In early May, Chinese insurance regulators ordered Anbang to stop selling two investment products. One, they said, was improperly marketed as long-term insurance while a crucial application for the other lacked an actuary’s signature. By that point, Anbang was already in trouble. Questions about Anbang’s financial strength had begun circulating on social media in China in March and April, as Chinese officials publicly raised questions about sales of wealth management products by some insurers.

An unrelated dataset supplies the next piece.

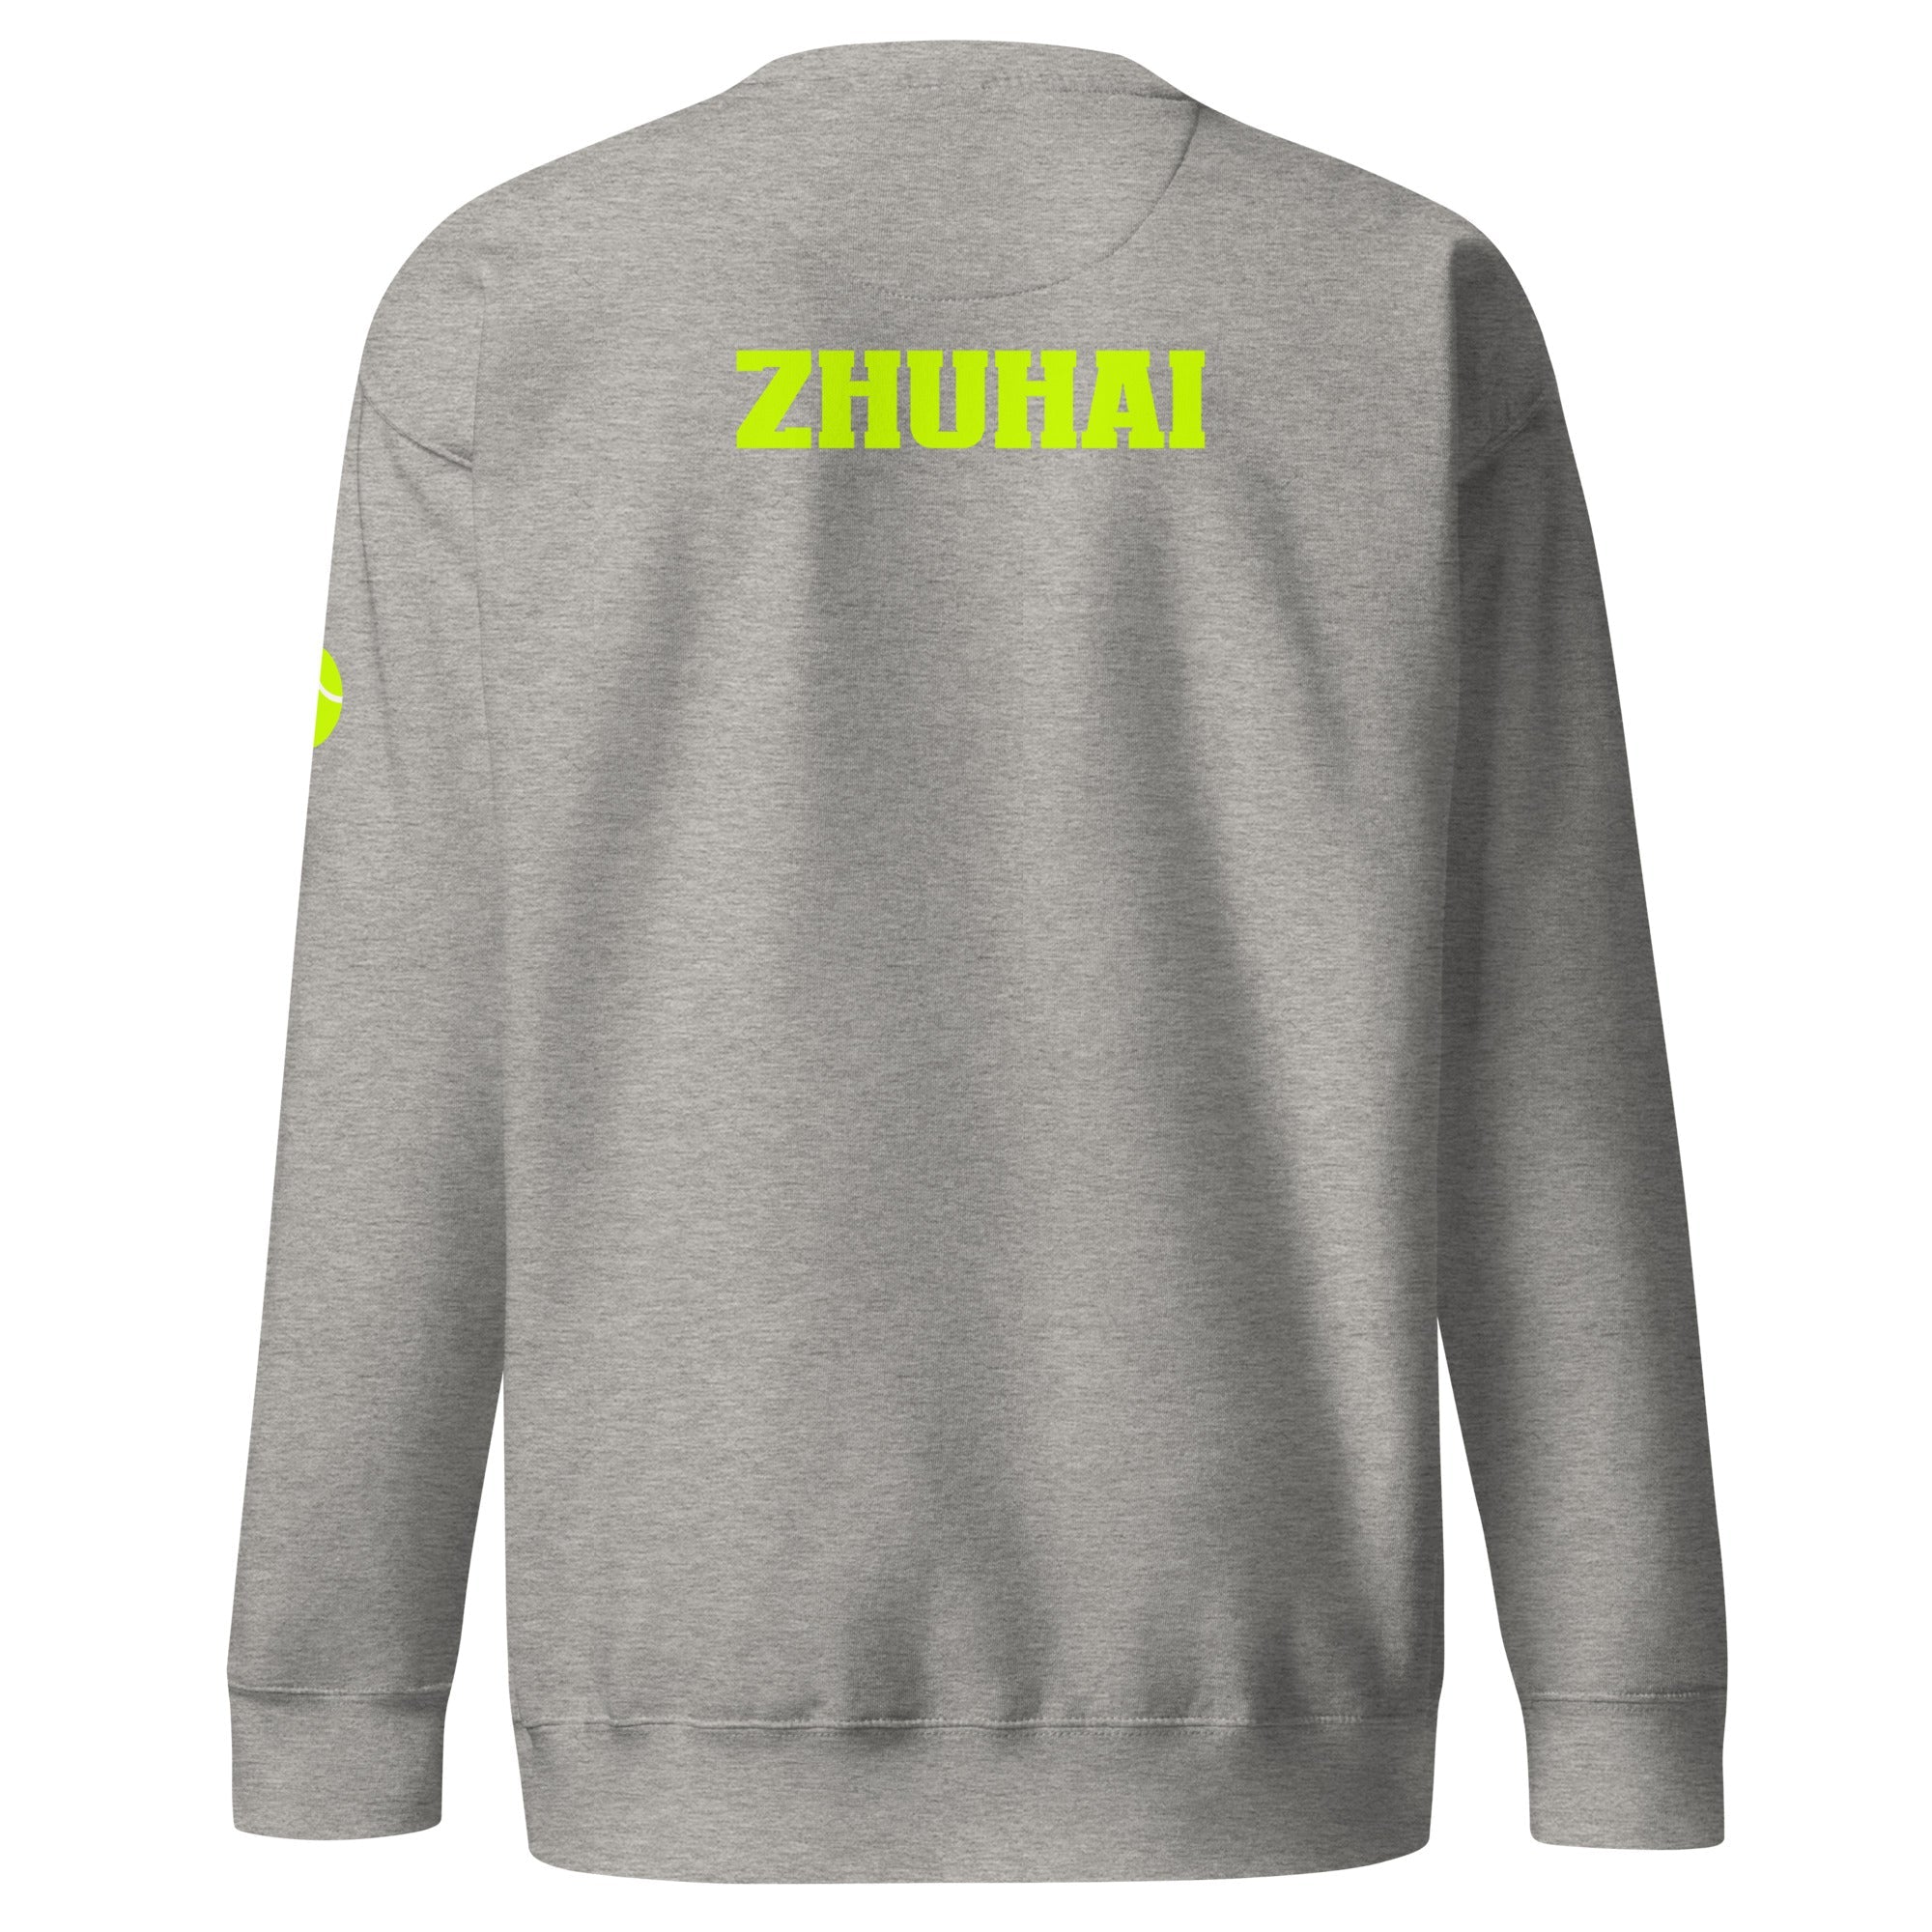 Unisex Premium Sweatshirt - Tennis Masters Zhuhai - GRAPHIC T-SHIRTS

If the drop in revenue is steep enough, Anbang could eventually be forced to liquidate assets. A big factor will be what happens with its existing policies and investment products, which comprise China’s shadow banking system. As the NYT adds, Anbang’s annual report provides little information on the monthly tempo at which its previously issued investments are maturing. The company might need to pay them out if they are not rolled over into further investments with the company. The company’s policies do have very stiff penalties on early redemption to discourage holders from turning them in early for cash. Anbang could raise money by selling some of its investments, but that could take time.
Additionally, the conglomerate, which over the past 3 years was nothing short of the world’s most aggressive “roll up” has been an active investor in Western hedge funds, in addition to making outright acquisitions of overseas companies. And those terms tend to impose severe limits on Anbang’s ability to ask for its money back quickly. That said, a firesale of Anbang assets, which include the Waldorf Astoria, should be a fascinating event.
The biggest risk from a potential unwind of Anbang, however, is the fate of its billions in WMP “assets” and whether any troubles at the insurer lead to investor impairment, and a potential run on China’s $8.5 billion “shadow bank” considered by many as the Achilles heel of China’s massively overlevered financial system.